What is Bloomin’ Brands worth?

Bloomin’ Brands appears to be overvalued by 52.48% at the moment, based on my discounted cash flow valuation. The stock is currently priced at US$22.54 on the market compared to my intrinsic value of $14.78. This means that the buying opportunity has probably disappeared for now. Another thing to keep in mind is that Bloomin’ Brands’s share price is quite stable relative to the rest of the market, as indicated by its low beta. This means that if you believe the current share price should move towards its intrinsic value over time, a low beta could suggest it is not likely to reach that level anytime soon, and once it’s there, it may be hard to fall back down into an attractive buying range again.

Can we expect growth from Bloomin’ Brands?

NasdaqGS:BLMN Future Profit June 21st 18
NasdaqGS:BLMN Future Profit June 21st 18

Future outlook is an important aspect when you’re looking at buying a stock, especially if you are an investor looking for growth in your portfolio. Although value investors would argue that it’s the intrinsic value relative to the price that matter the most, a more compelling investment thesis would be high growth potential at a cheap price. With profit expected to grow by a double-digit 19.58% over the next couple of years, the outlook is positive for Bloomin’ Brands. It looks like higher cash flows is on the cards for the stock, which should feed into a higher share valuation.

What this means for you:

Are you a shareholder? It seems like the market has well and truly priced in BLMN’s positive outlook, with shares trading above its fair value. At this current price, shareholders may be asking a different question – should I sell? If you believe BLMN should trade below its current price, selling high and buying it back up again when its price falls towards its real value can be profitable. But before you make this decision, take a look at whether its fundamentals have changed.

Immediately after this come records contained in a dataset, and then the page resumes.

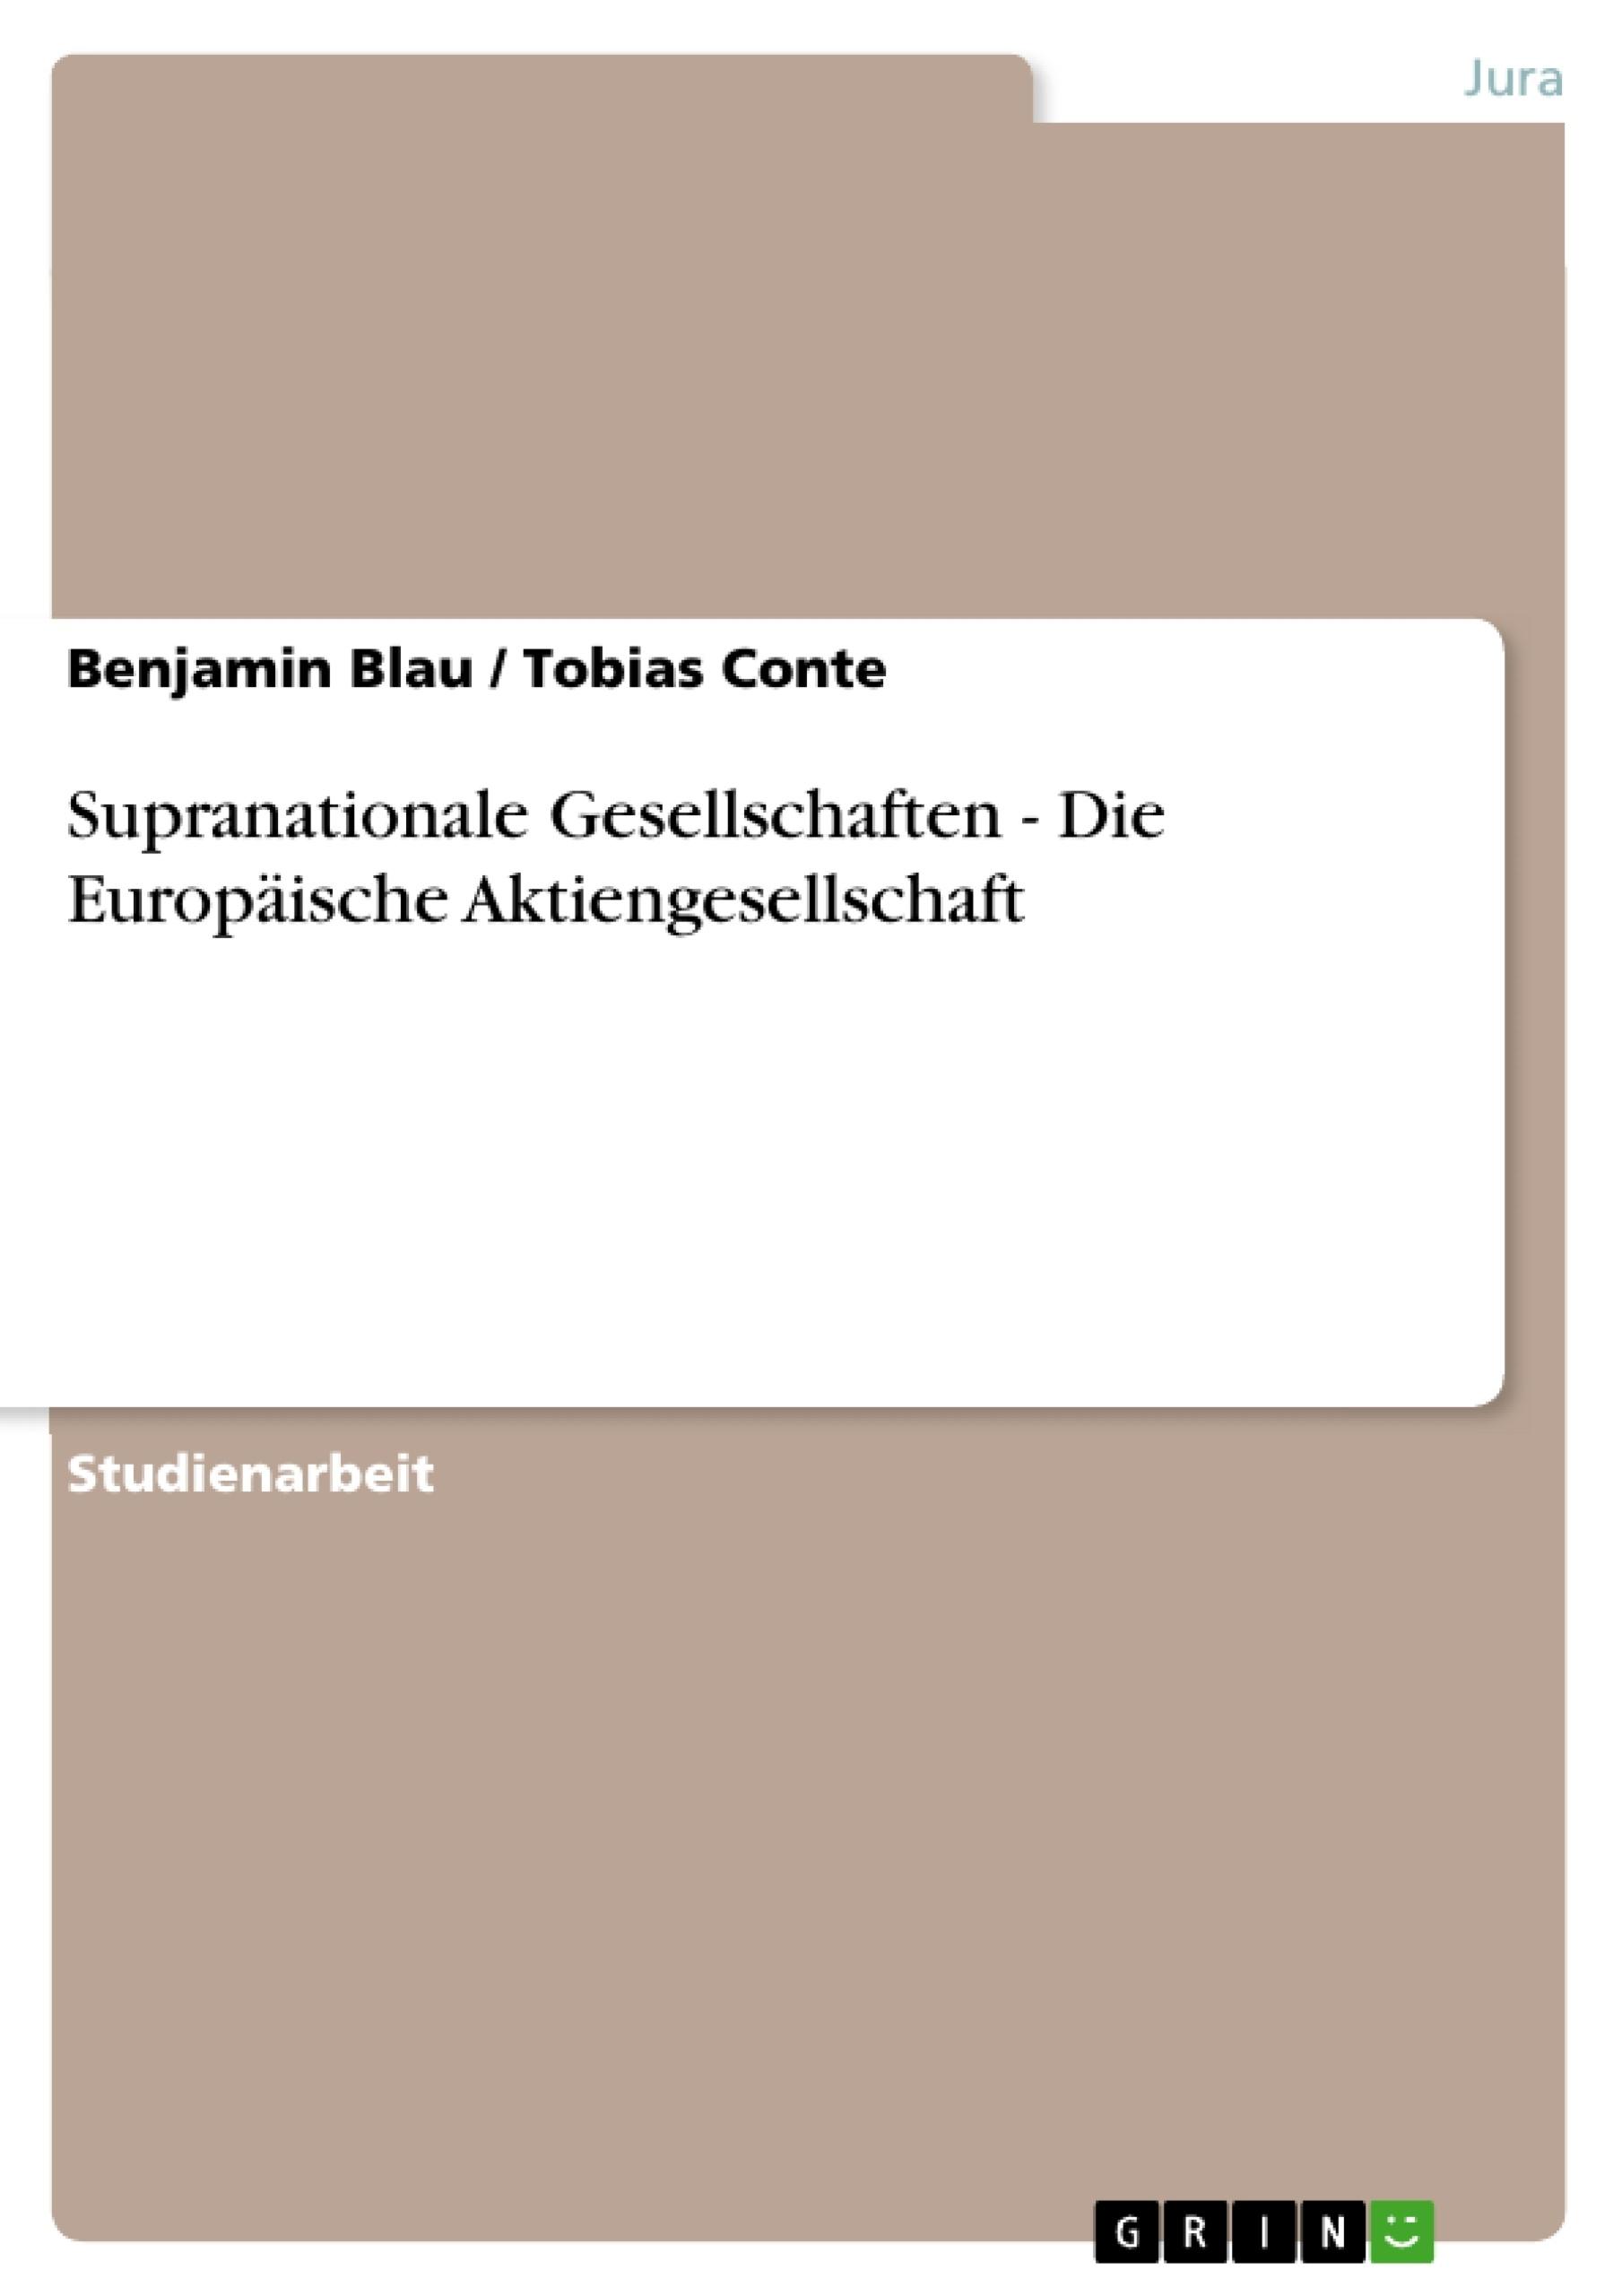 Titel: Supranationale Gesellschaften - Die Europäische Aktiengesellschaft
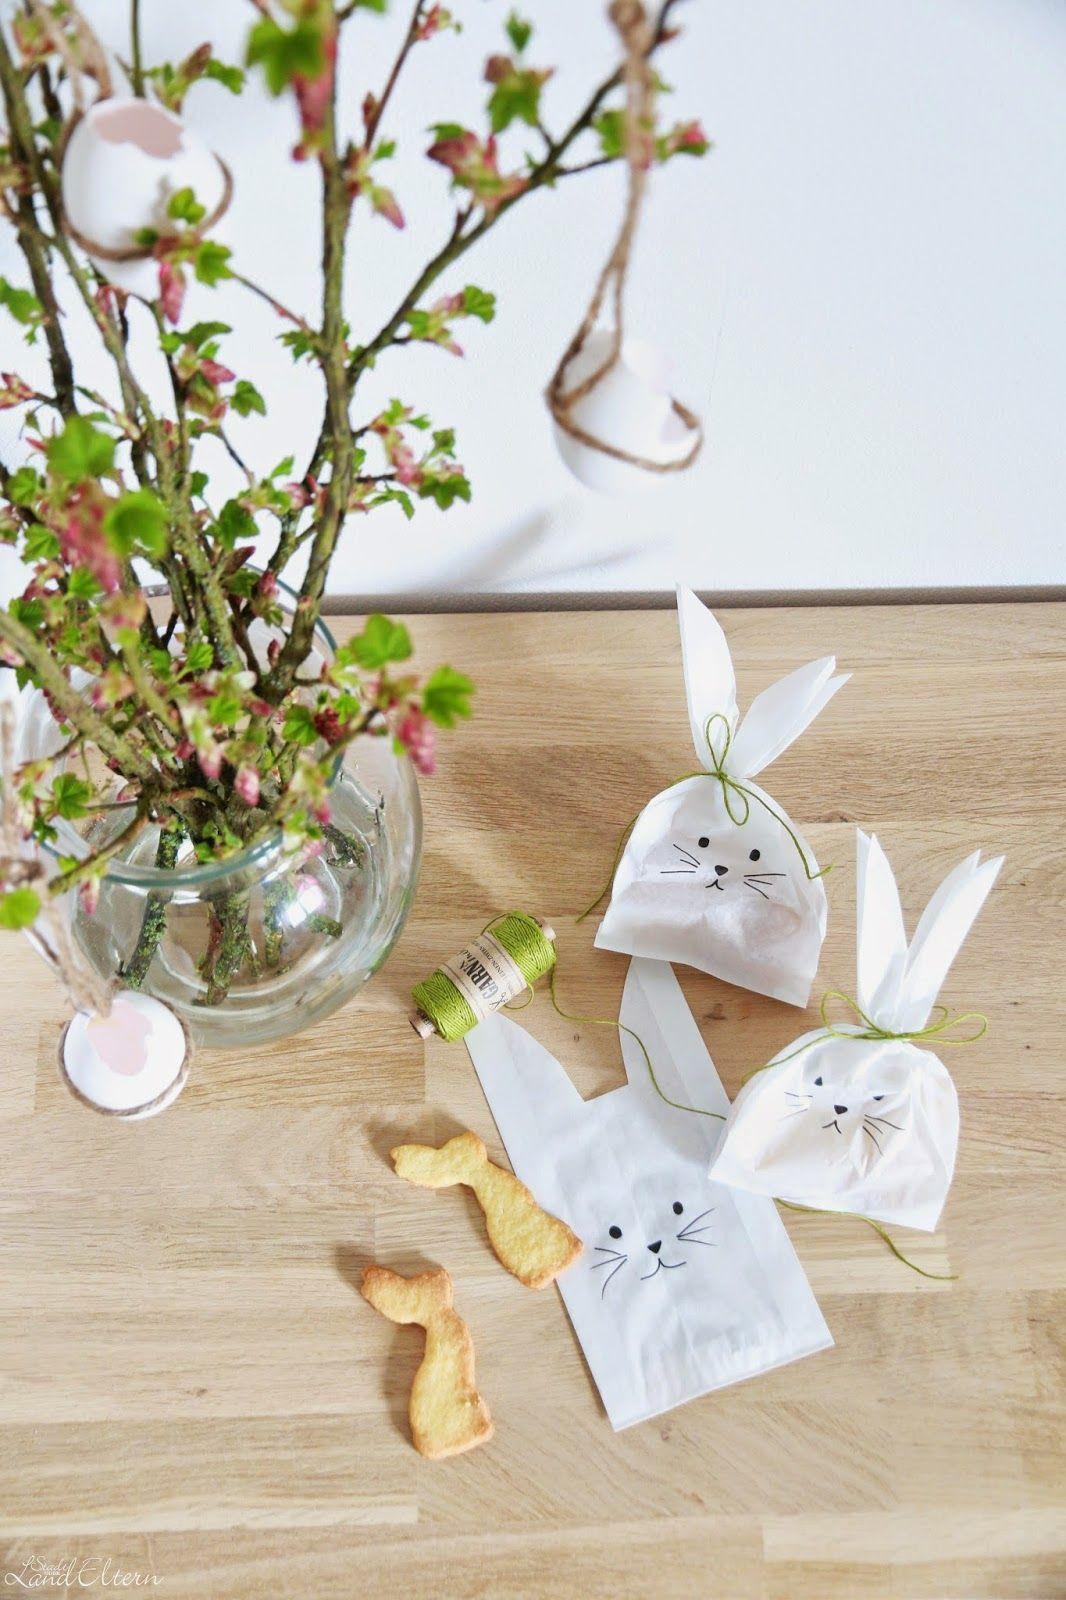 hasensäcklein aus brotpapier selbermachen. eine hübsche geschenkidee
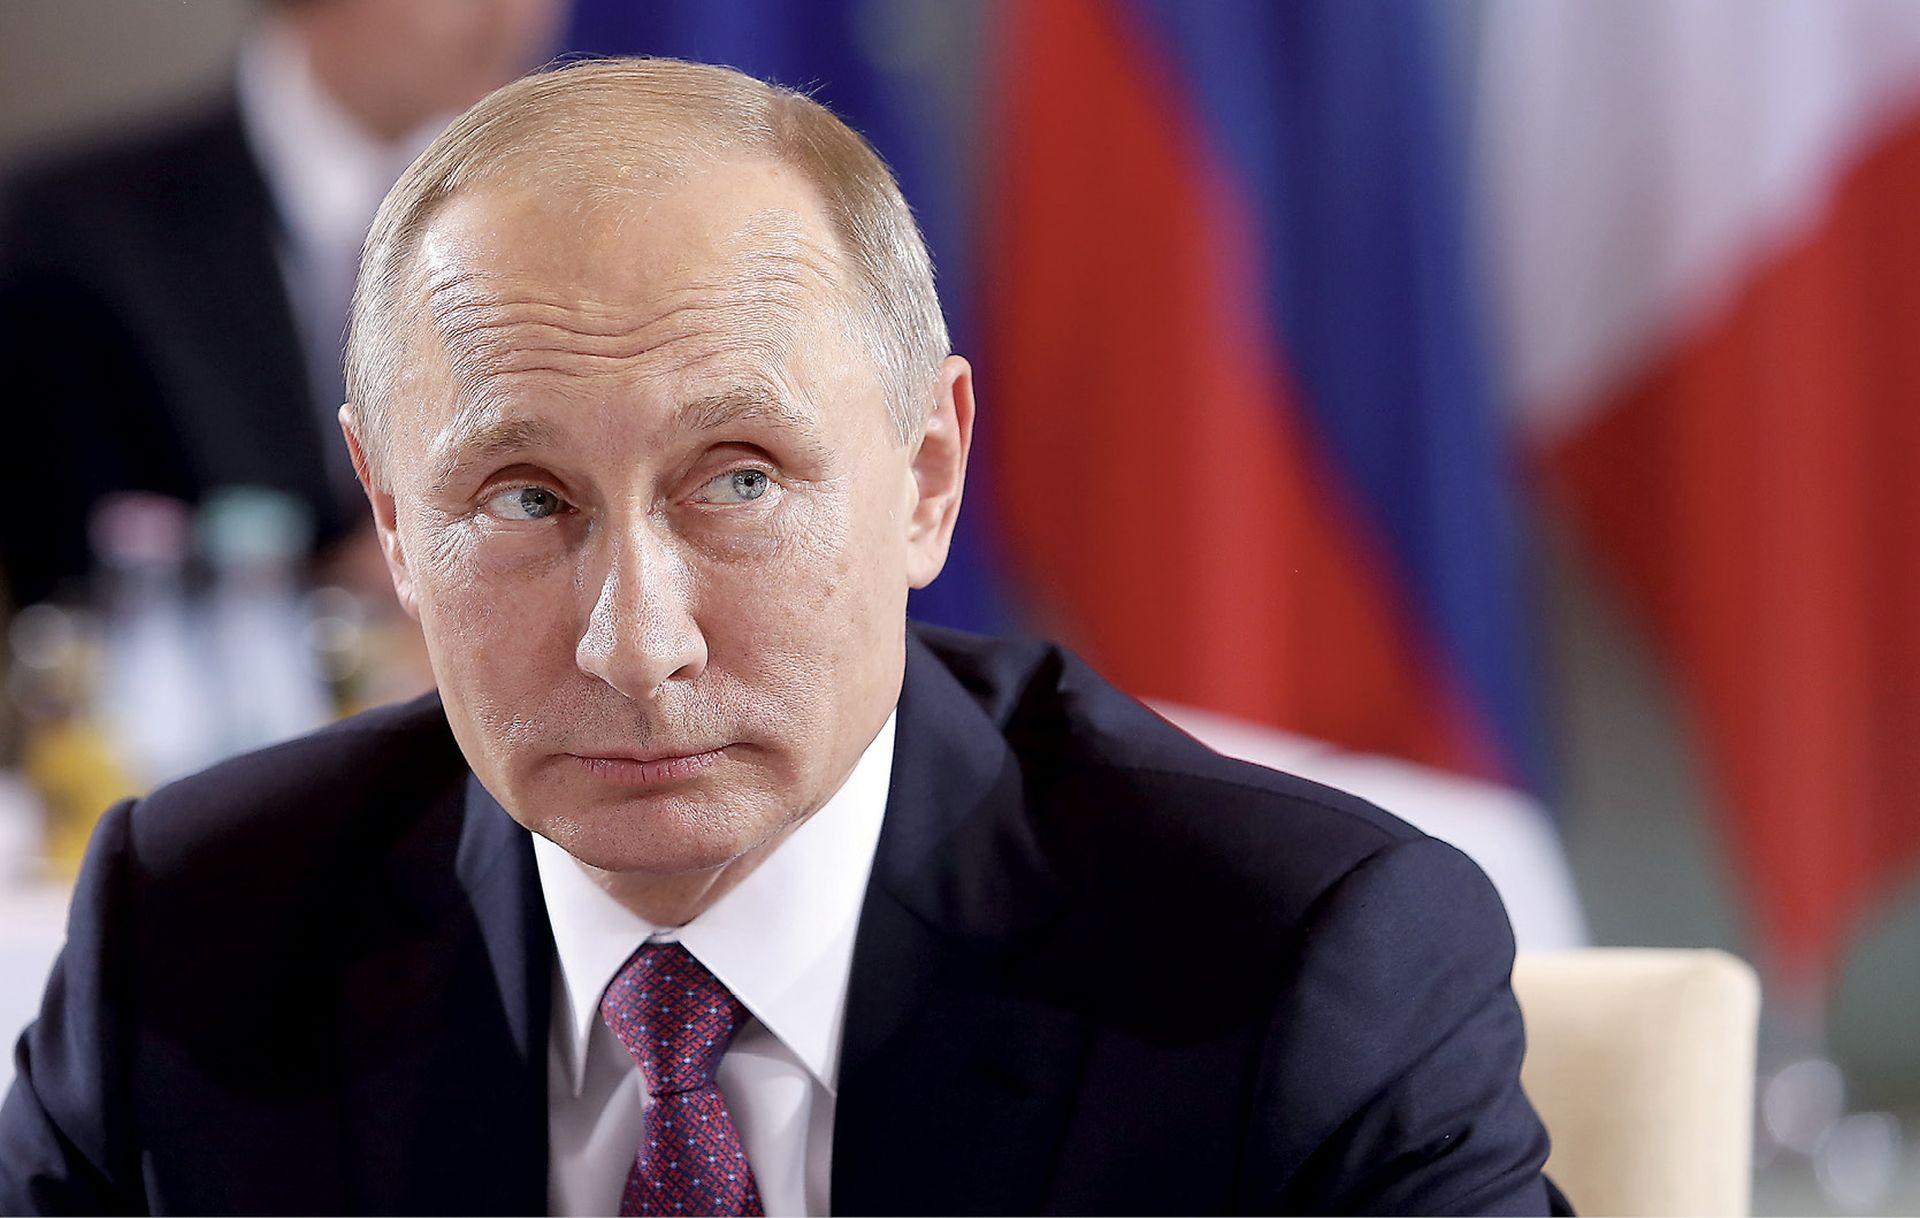 PUTINOV PROGRES: Što očekivati od ruskog lidera u 2017. godini?

Are you a potential investor? If you’ve been keeping tabs on BLMN for some time, now may not be the best time to enter into the stock. The price has surpassed its true value, which means there’s no upside from mispricing. However, the positive outlook is encouraging for BLMN, which means it’s worth diving deeper into other factors in order to take advantage of the next price drop.

Price is just the tip of the iceberg. Dig deeper into what truly matters – the fundamentals – before you make a decision on Bloomin’ Brands. You can find everything you need to know about Bloomin’ Brands in the latest infographic research report. If you are no longer interested in Bloomin’ Brands, you can use our free platform to see my list of over 50 other stocks with a high growth potential.


To help readers see pass the short term volatility of the financial market, we aim to bring you a long-term focused research analysis purely driven by fundamental data. Note that our analysis does not factor in the latest price sensitive company announcements.

The author is an independent contributor and at the time of publication had no position in the stocks mentioned.